In the future, city-wide anti-UAV systems are poised to become integral to the development of smart cities. However, the vast amount of surveillance data generated in the city’s airspace poses a significant challenge for a centralized computing center. To address this challenge, deploying detection models directly on edge devices and utilizing edge computing for UAV detection on these devices, can greatly reduce data transmission requirements and expedite UAV detection processes.

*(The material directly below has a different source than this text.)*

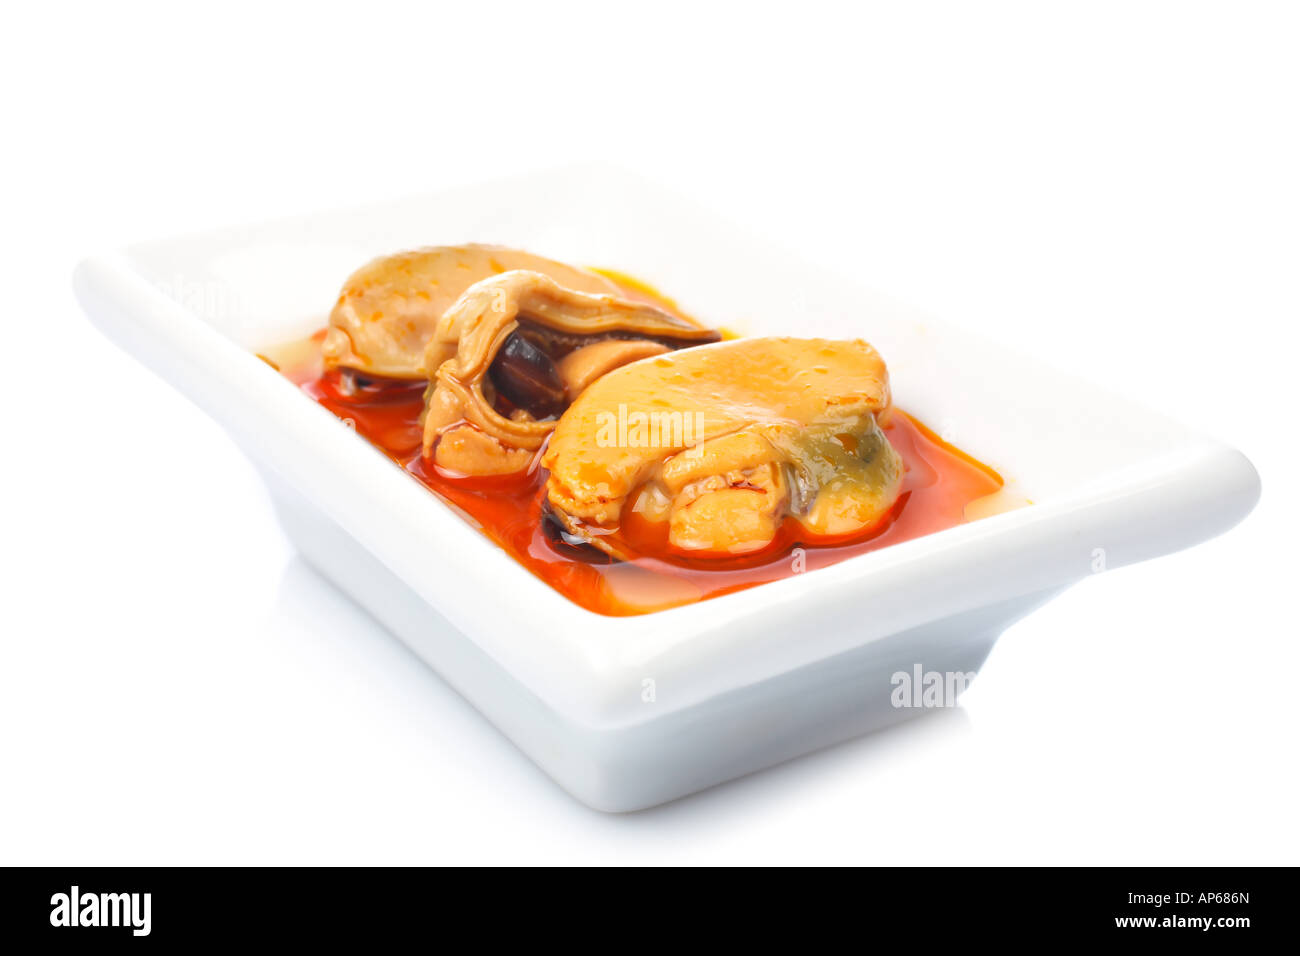 Some mussels just cooked in a white dish for a good meal reflectd on white background Shallow DOF Stock Photo

3. UAV Localization and Tracking

UAV localization and tracking play a crucial role in anti-UAV research. This section provides a review of UAV localization and UAV tracking methods. UAV localization research primarily concentrates on utilizing RF and acoustic-based methods. These methods are preferred due to their ability to accurately determine the location of UAVs. Regarding UAV tracking, we categorize the studies into filter-based approaches and deep Siamese networks approaches. Filter-based methods utilize various filters for tracking UAVs, while deep Siamese networks approaches leverage deep learning techniques for tracking. The advancements made in these research areas are thoroughly discussed, highlighting the progress and innovations achieved in UAV tracking.

3.1. UAV Localization

RF-based positioning technology has become increasingly mature, leading to numerous studies on RF-based UAV positioning. RF sensors are the only technology that can locate both the UAV and the pilot. On the other hand, acoustic-based UAV positioning technology is feasible for short-distance detection [22]. Although acoustic-based UAV localization technology started later than other methods, it has achieved remarkable results in recent years. In contrast, vision-based UAV tracking technology has its advantages, but due to the rapid movement of UAVs, the effect of visual positioning technology is not ideal. This section focuses on reviewing the RF and acoustic-based UAV localization technologies.

3.1.1. RF-Based Localization

There are a variety of localization methods based on radio frequency, such as Angle of Arrival measurement (AOA), Time of Arrival measurement (TOA), Time Difference of Arrival measurement (TDOA), and RSS measurement. To perform TOA localization, both transmitter and receiver clocks must be synchronized, which is typically difficult to accomplish in anti-UAV scenarios. Similarly, the TDOA positioning method relies on calculating the time difference when the signal arrives at each receiver, which can be challenging to achieve with widely spaced receivers in an anti-UAV system. Additionally, the accuracy of the positioning based on RSS measurement is generally low, and this method has limited applications in UAV positioning. In UAV localization tasks, most studies have focused on localization methods using AOA [29,86]. Despite the challenges associated with RF-based UAV positioning, these methods have shown promising results and have the advantage of being able to locate both the UAV and the pilot. Future research may focus on developing more accurate and robust RF-based UAV localization methods that can operate in a range of environments and under various UAV operating conditions.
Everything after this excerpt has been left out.